若けりゃいいってもんじゃない仕事もある
日本企業はいまだに「できるだけ若い人を採用して自分の色に染めあげる」のが好きだ。
大企業でも零細企業でも役所でも同じだ。
日本企業では非正規雇用が増えたとはいえ終身雇用制が完全に崩れているとはいえない。
雇用の際に年齢を重視する日本は、履歴書に年齢欄がないアメリカとは対照的である。
アメリカの履歴書に「年齢欄がない」納得の理由 なぜ「中年は若者に劣る」と断言できないのか | リーダーシップ・教養・資格・スキル | 東洋経済オンライン
学生と話していてよく思うのは「若い=優れている」と考えて、おじさんおばさんたちに対して根拠のない優越感を抱いていることです。言われてみれば、なんとなく、社会全体…

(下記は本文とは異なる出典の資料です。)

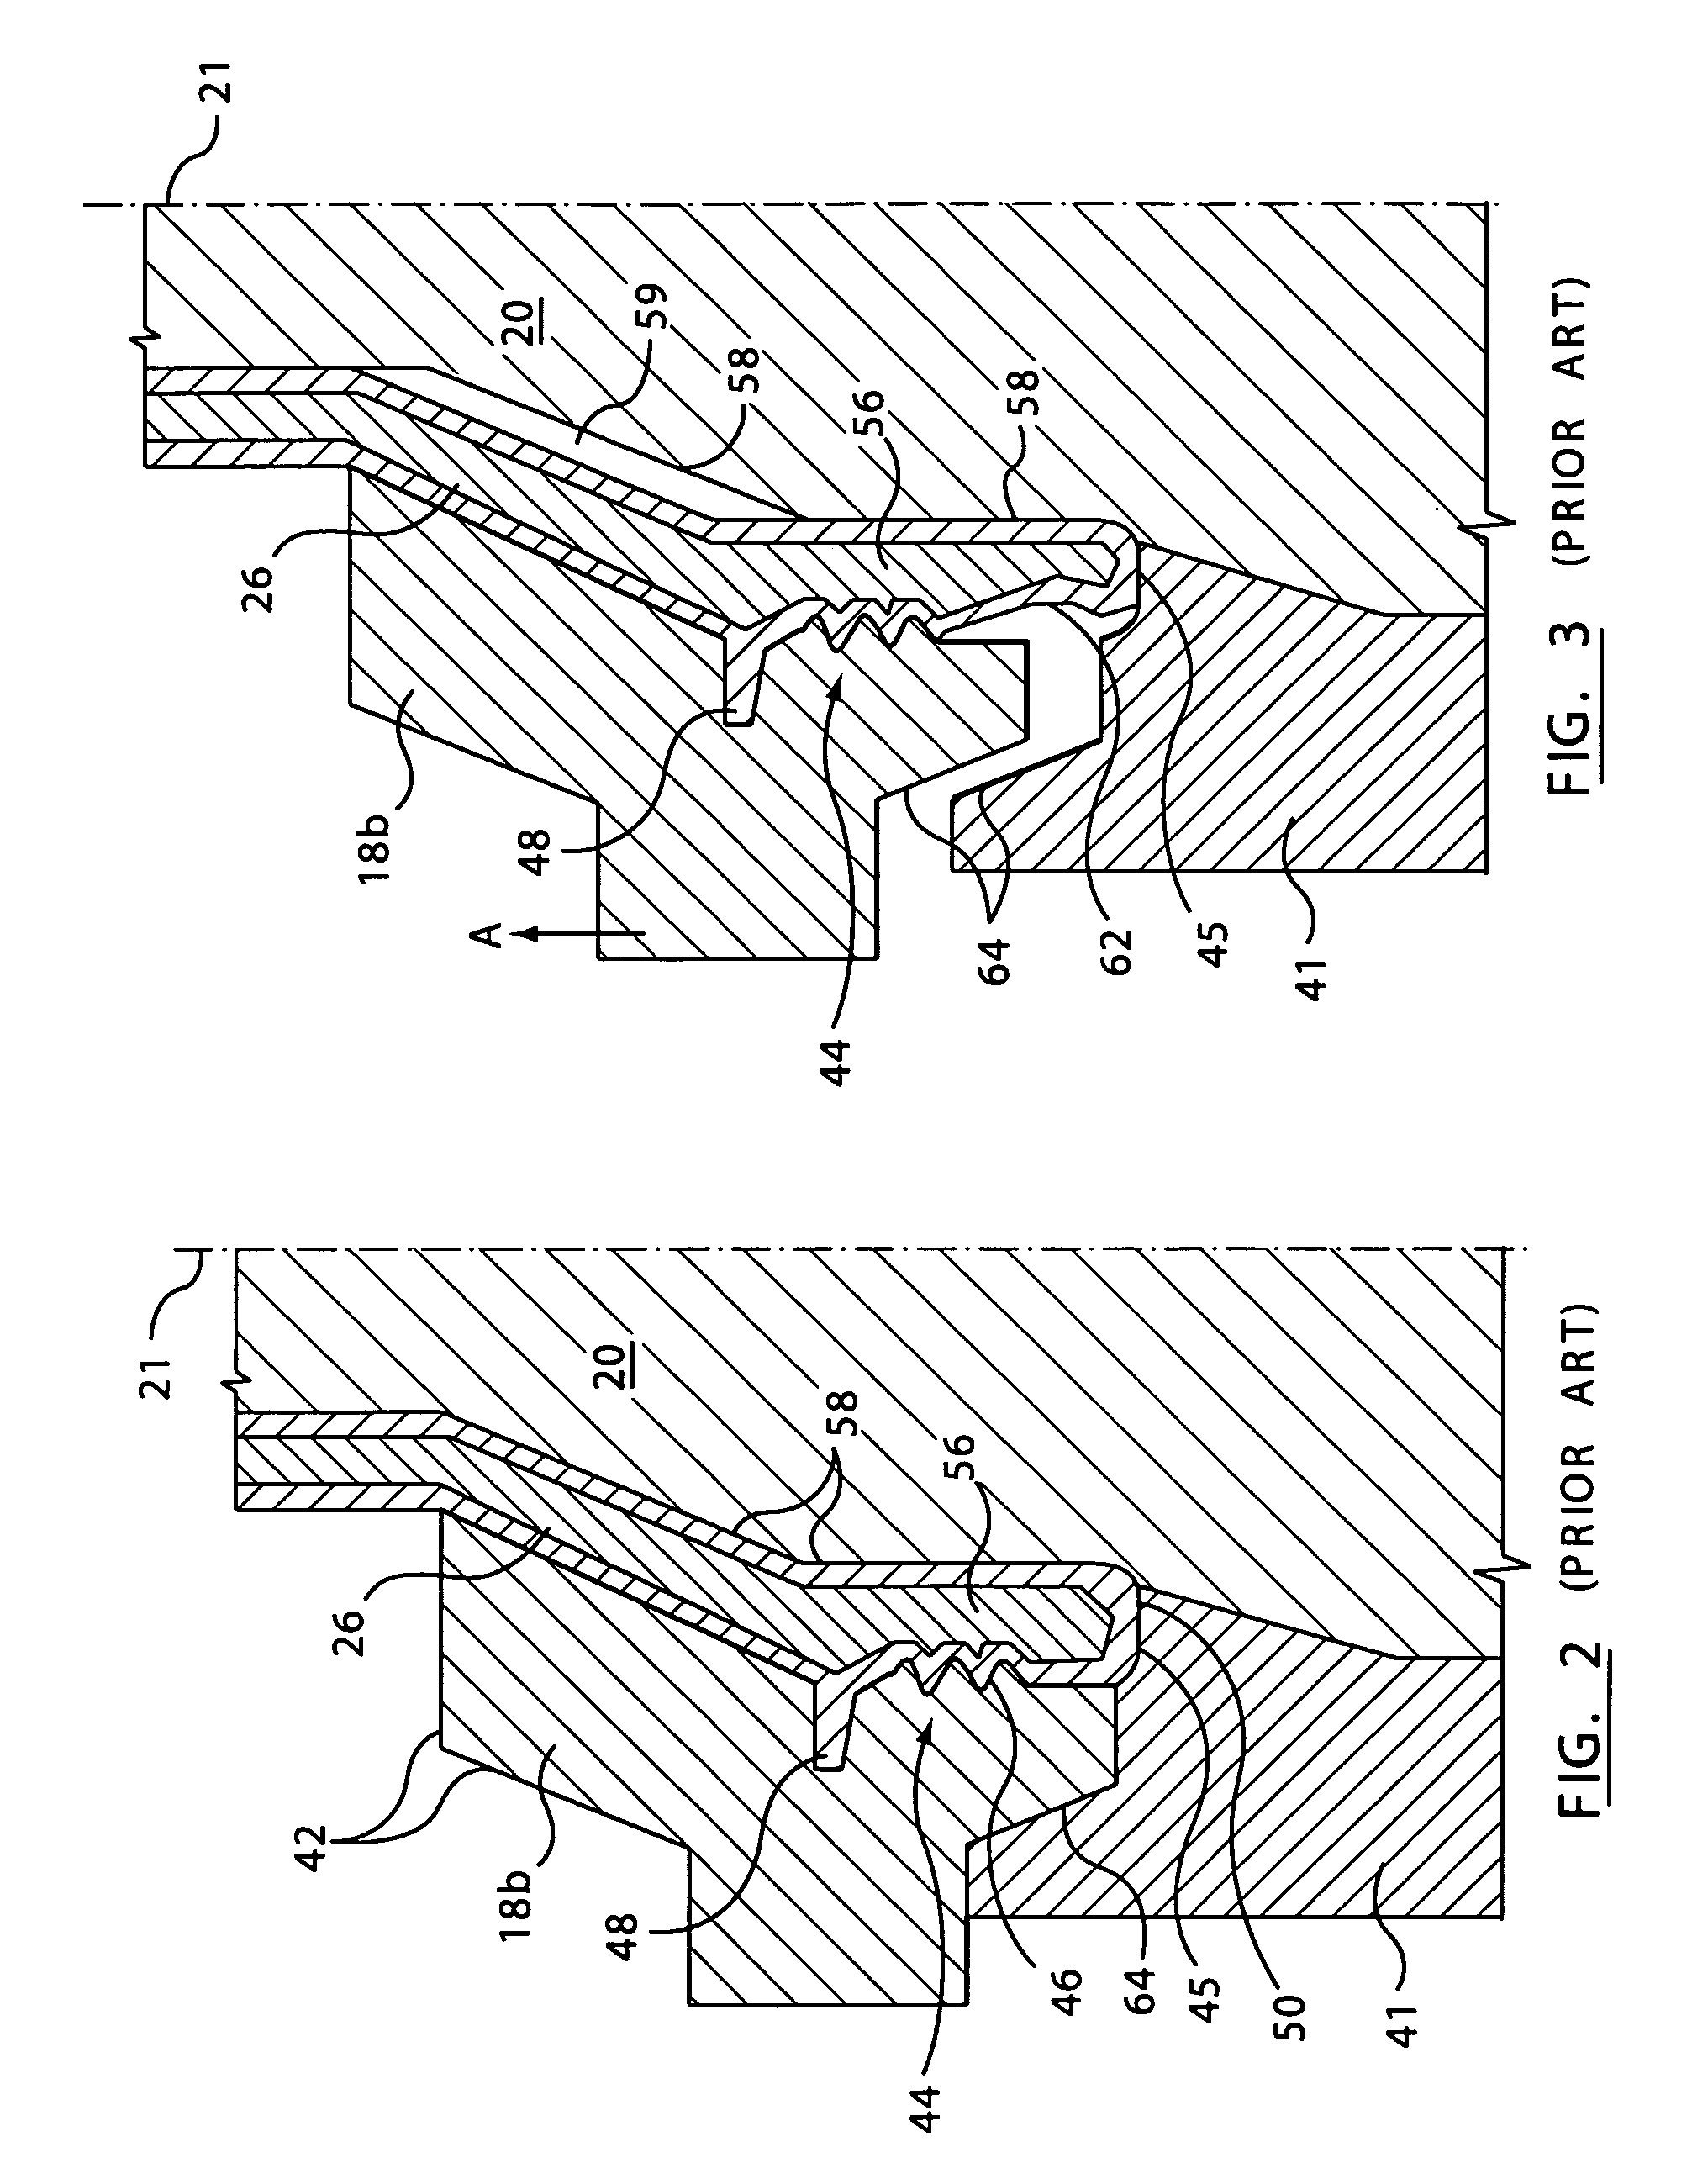 Apparatus and method for removing a molded article from a mold
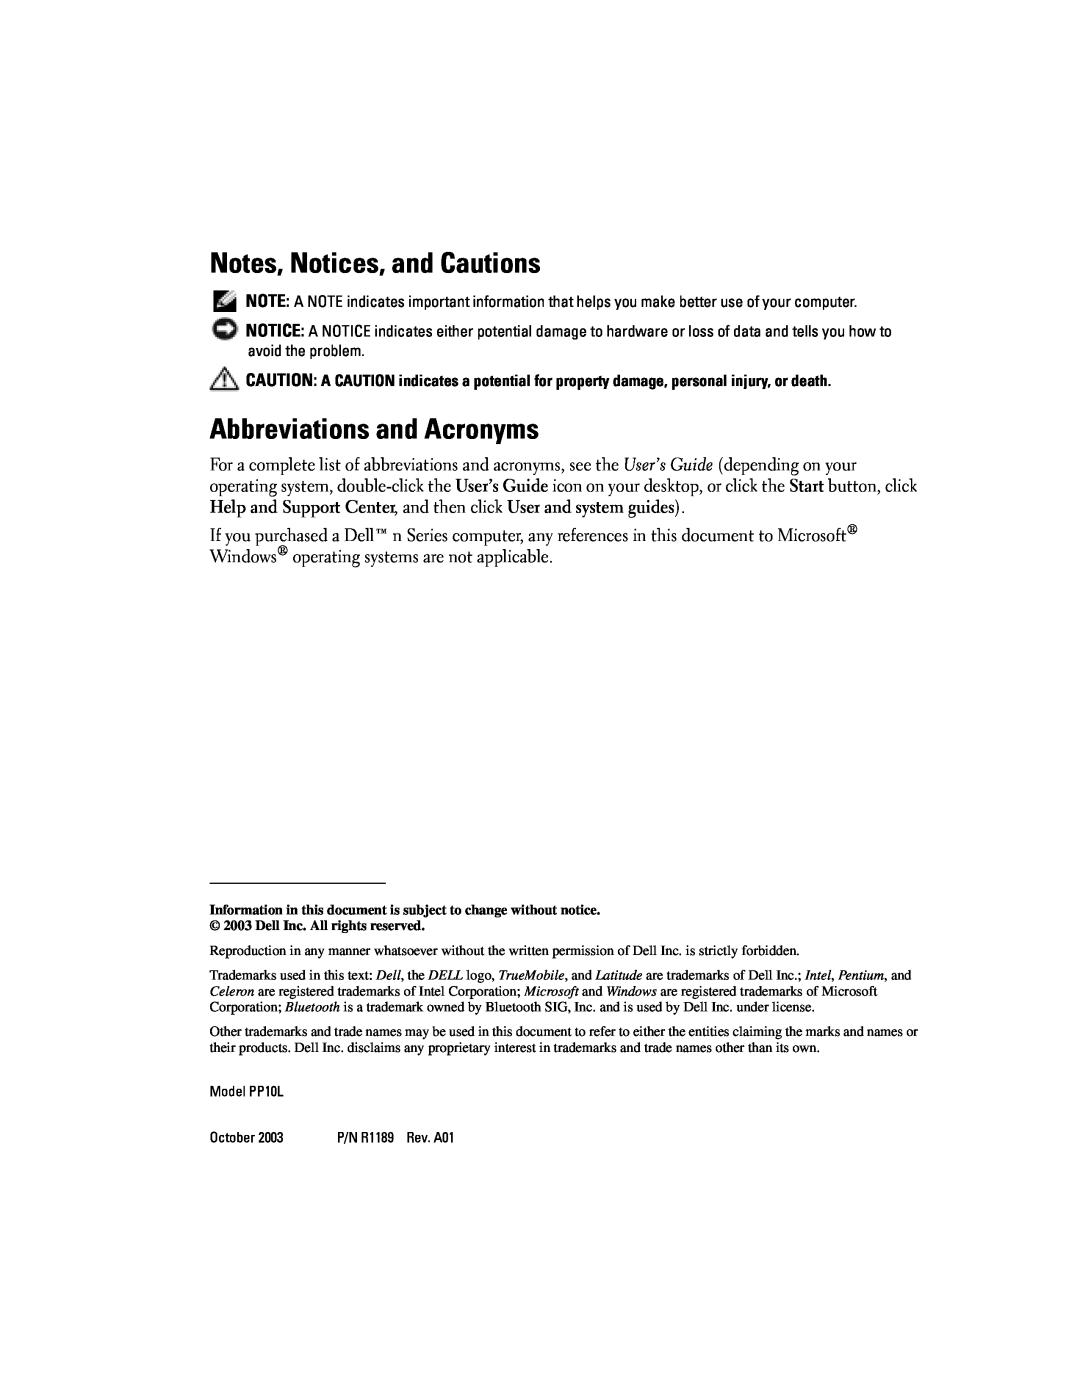 Dell D505 manual Notes, Notices, and Cautions, Abbreviations and Acronyms, Model PP10L, October

企業に限らず、日本社会全体がそういう傾向を引きずっていると思う。
「若い人は柔軟性がある」という理由で、いまだに「若い人に言うことをきかせて、言うとおりに働かせる」のが好きなのが日本社会である。
若けりゃいいってもんじゃない仕事もある
ところが、どんな職種でも若い人のほうが適しているかというと、そうとも言えないようだ。
若い人よりも年配者のほうが向いている業種のひとつが「ケアマネージャー」だと思う。
私の周囲の高齢者からは、若い人(特に若い男性)の担当ケアマネージャーは評価が低い。
ケアマネージャーが若くても女性ならば、不満はあまり出ない。
若い男性のケアマネージャーはとにかく、どうしょうもないほど「気が利かない」と私の周囲の高齢者たちは言う。
高齢者いわく、若い男性のケアマネージャーは、高齢者の立場にたって物事をみることができないらしく、トンチンカンなことをしたり言ったりする、らしい。
介護の現場で働く若い男性も「人の役に立ちたい」と思って介護の世界に飛び込んでくるような志がある人に違いない。そうであっても高齢者にとっては「役不足」なのだろうか。
「他人の立場にたって物事を見ない」のは「向こう見ず」な若さの特権である。
けれども、ケアされる高齢者の人たちからすると「気が利かない」のは致命的だ。
考えてみれば、若い男性からすれば、体が言うことを効かなくなっている高齢者の気持ちなど実感できないのは当たり前なのかもしれない。
対照的に、年配の女性ケアマネージャーは人生経験を積んでおり、高齢者の立場にたって物事を見てくれるので、私の周囲の高齢者からは概ね、評価が高い。
年齢を重ねたからこそできる仕事というのもあるのだ。
一般常識というものは、家族の誕生・身内の死別・結婚・離婚などの家庭生活を通して身についていくものだから、社会経験が少ない若い男性がズレているのは致し方ない。
まして今は核家族化していて家族や男性は家庭内でお手伝い等の家族の一員としての役割分担すら任されていないことも多いから、若い男性は社会経験が少なく一般常識さえ身につかず、ズレてしまうのは必然的だ。
「気が利かない」とされる若い男性ケアマネージャーも、経験をたくさん積んで一人前のケアマネージャーになっていくのか、それとも、一人前になる前に介護という業界から去っていくのか、どちらなのかは知らないが。